-- Opening Marker --

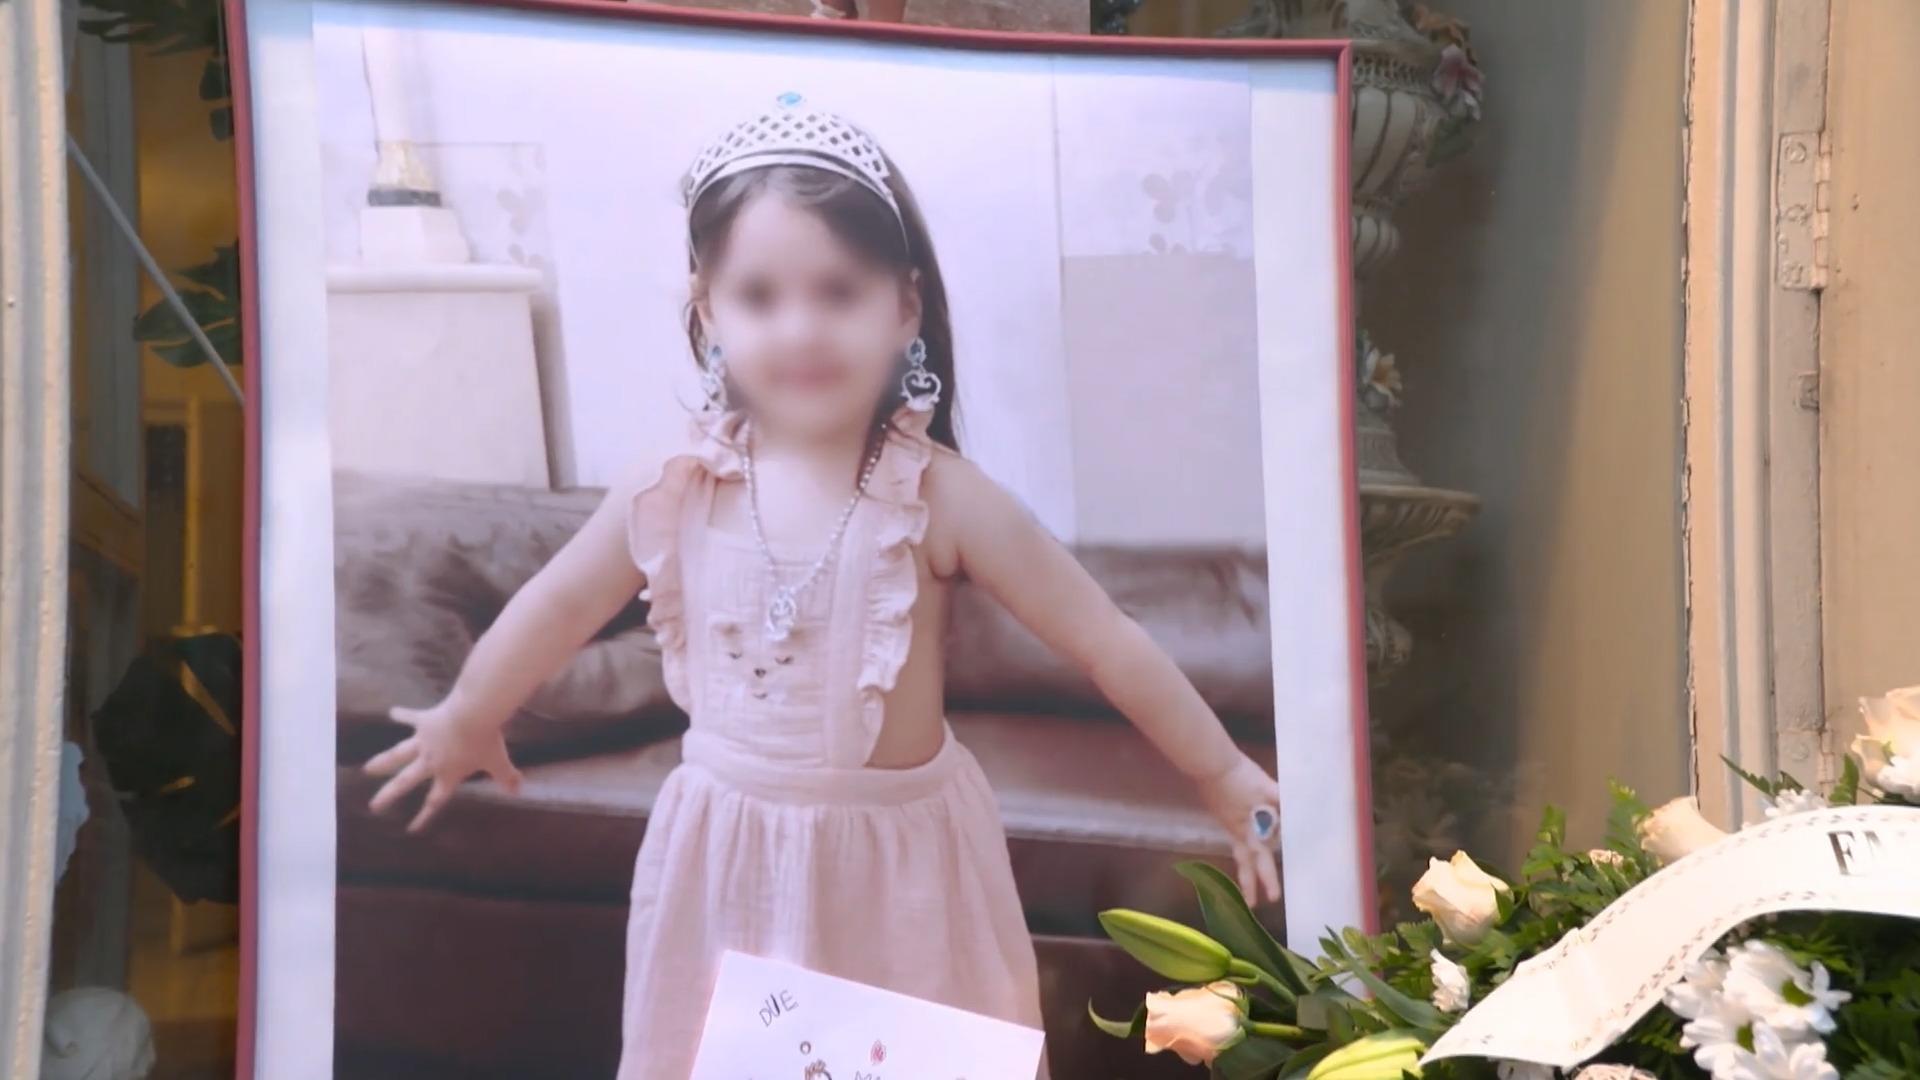 15-Jähriger tötet 5-jähriges Mädchen Grausiger Leichenfund im Müll
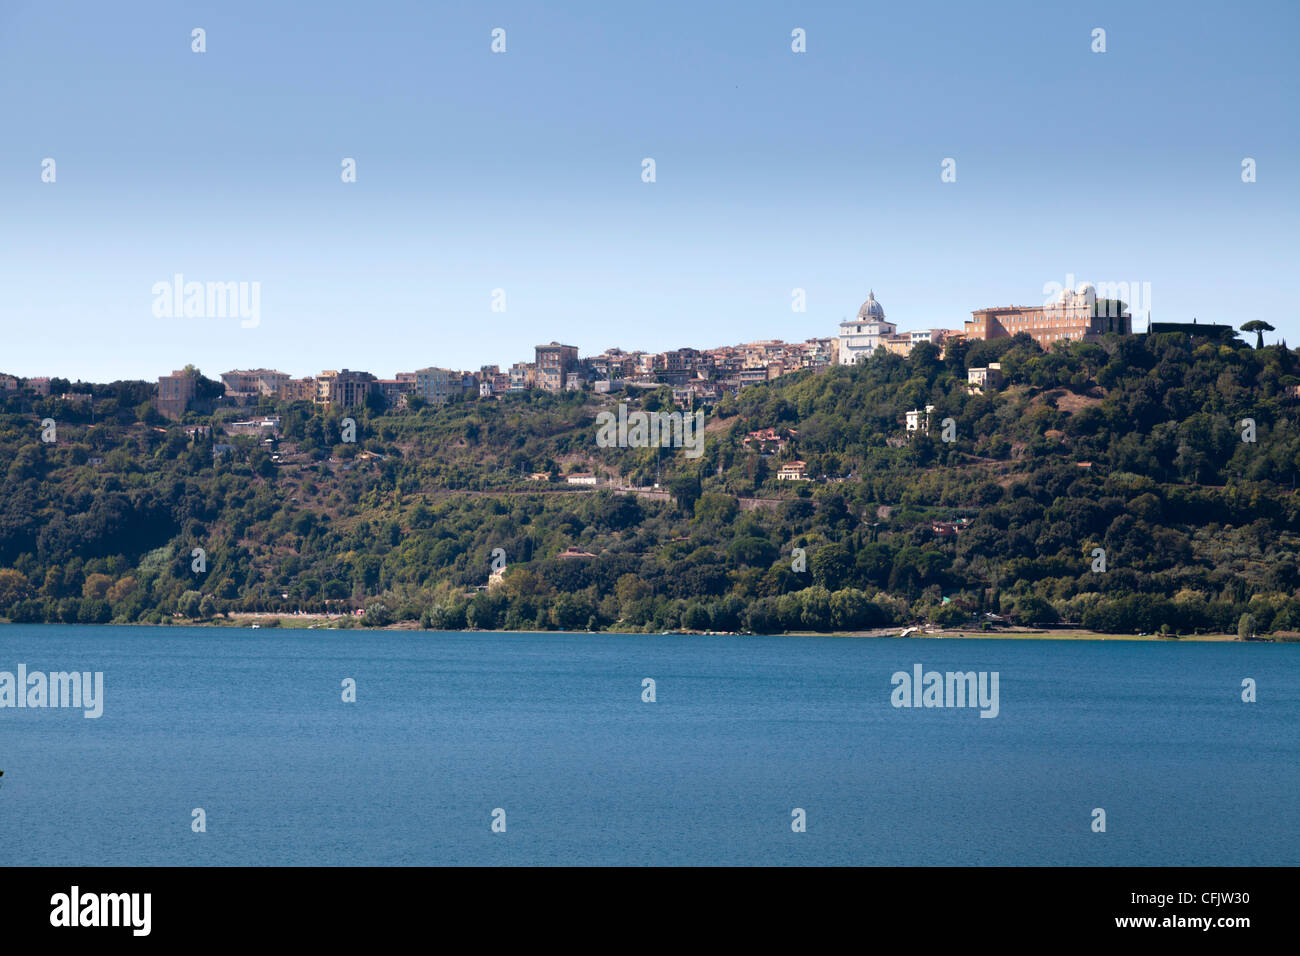 Vista panorámica del lago Albano, Castel Gandolfo, la residencia de verano del Papa Foto de stock
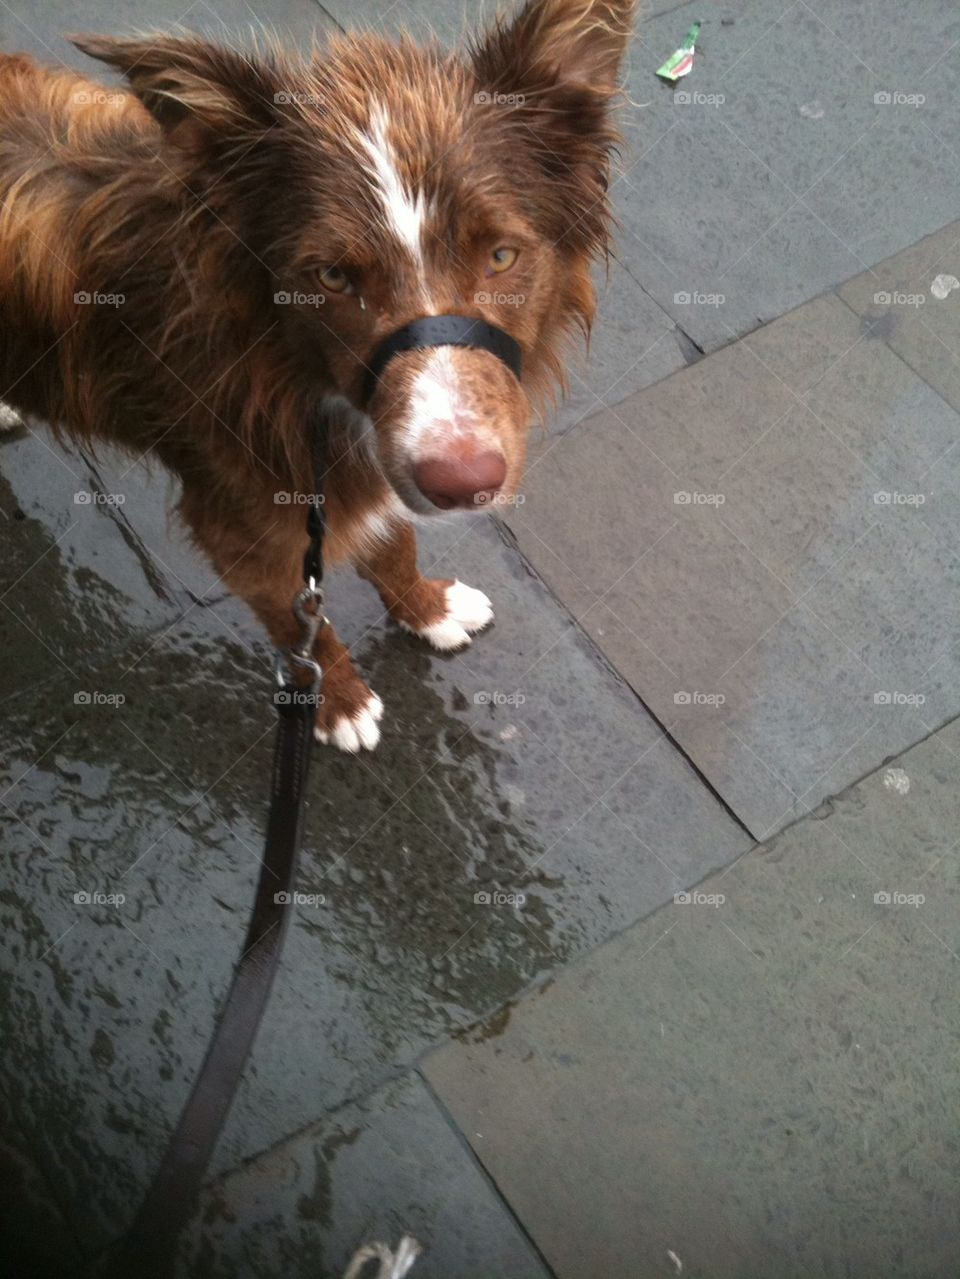 Very wet dog
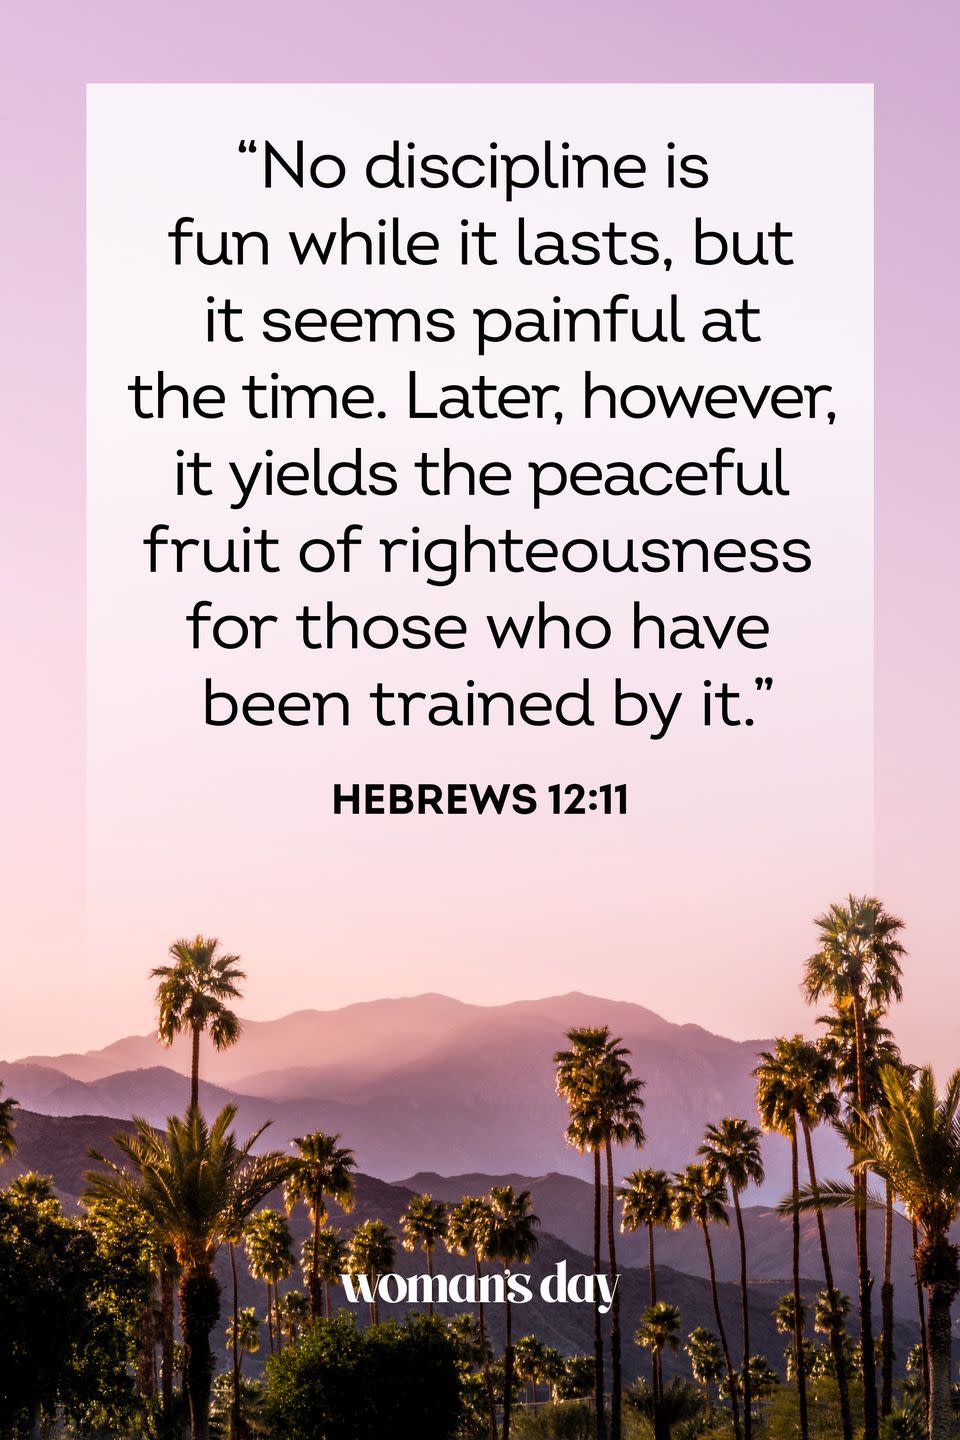 45) Hebrews 12:11
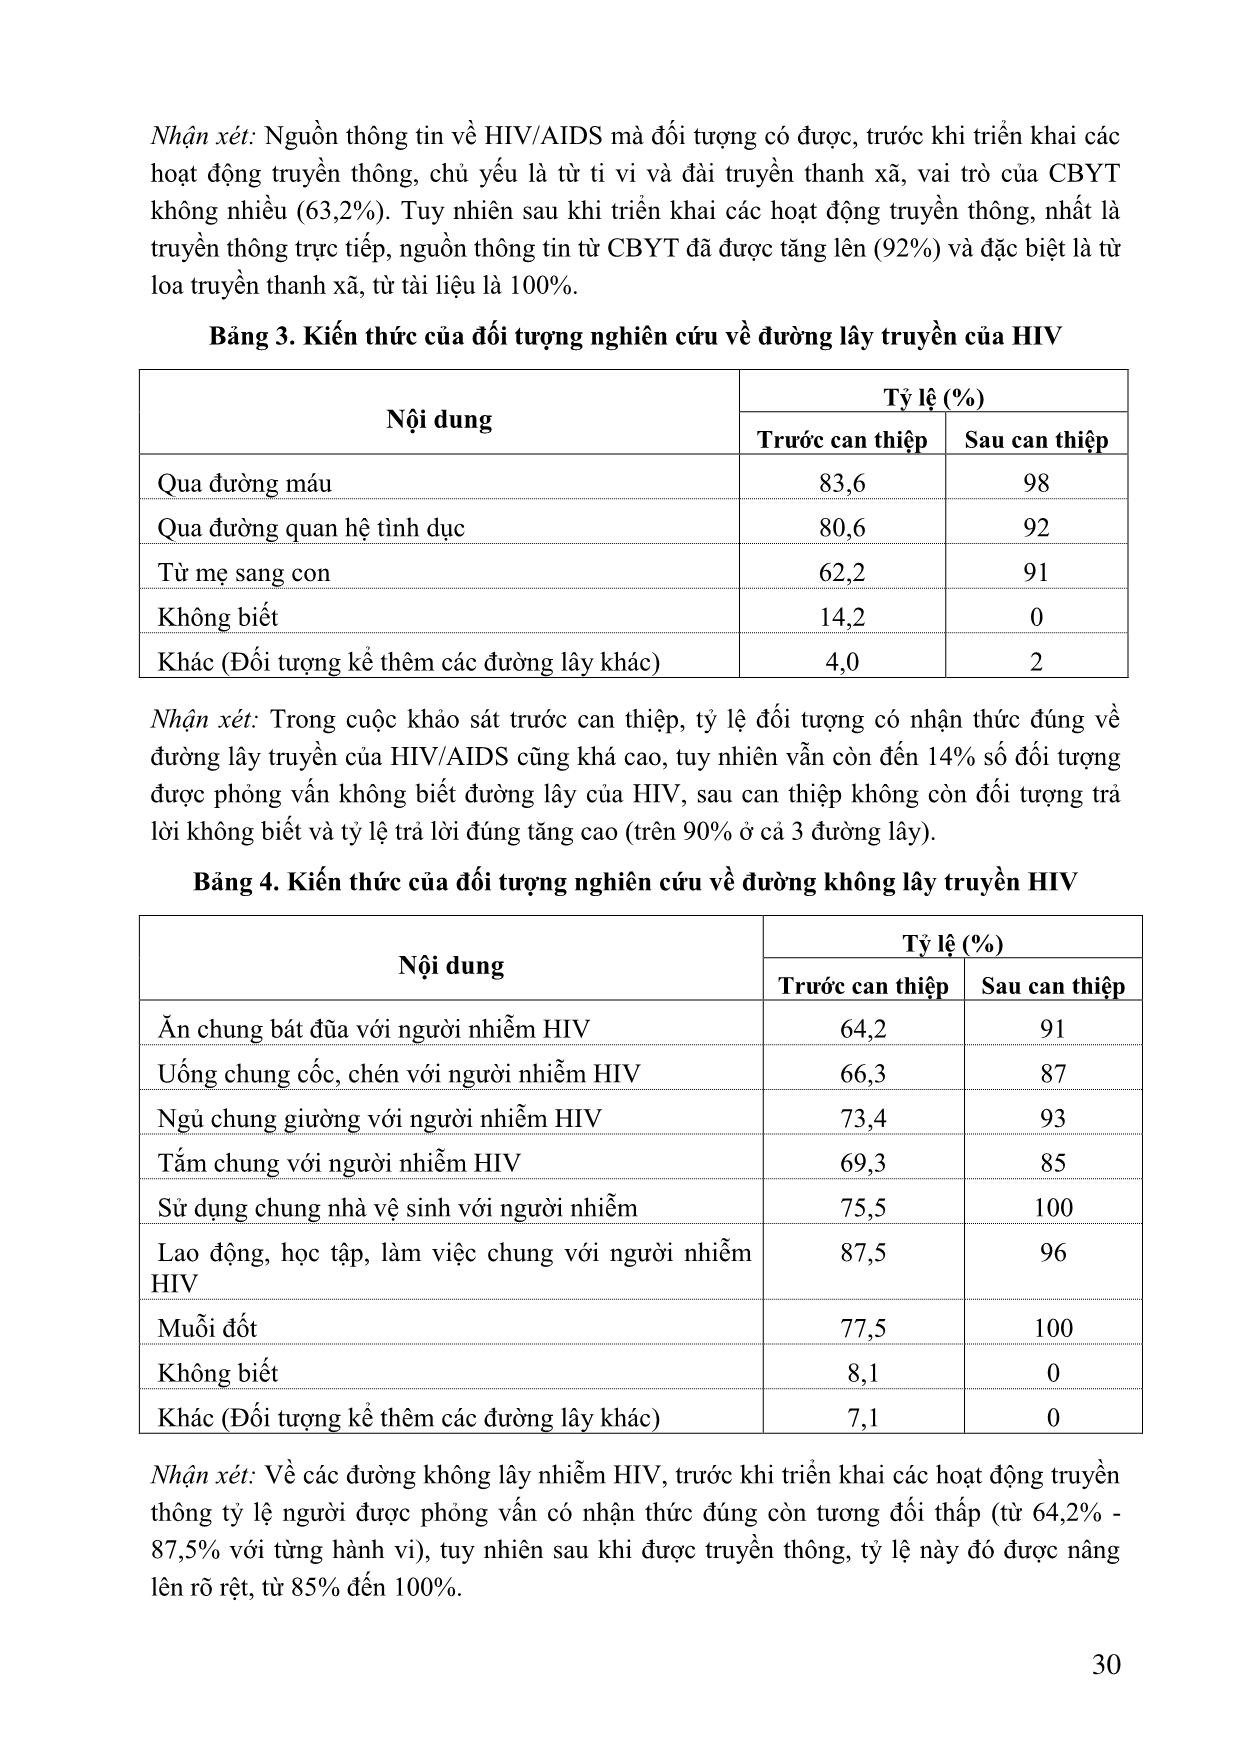 Đánh giá hiệu quả các hoạt động truyền thông thay đổi hành vi trong phòng chống HIV/AIDS tại xã Gia Sinh năm 2009-2010 trang 4

-- Closing Marker --

- [How to complete this task]: The data above must be reproduced exactly, without any of its pictures.

- [Answer box]:
 15-Jähriger tötet 5-jähriges Mädchen Grausiger Leichenfund im Müll
 Vista panorámica del lago Albano, Castel Gandolfo, la residencia de verano del Papa Foto de stock
 Very wet dog
 45) Hebrews 12:11
 Đánh giá hiệu quả các hoạt động truyền thông thay đổi hành vi trong phòng chống HIV/AIDS tại xã Gia Sinh năm 2009-2010 trang 4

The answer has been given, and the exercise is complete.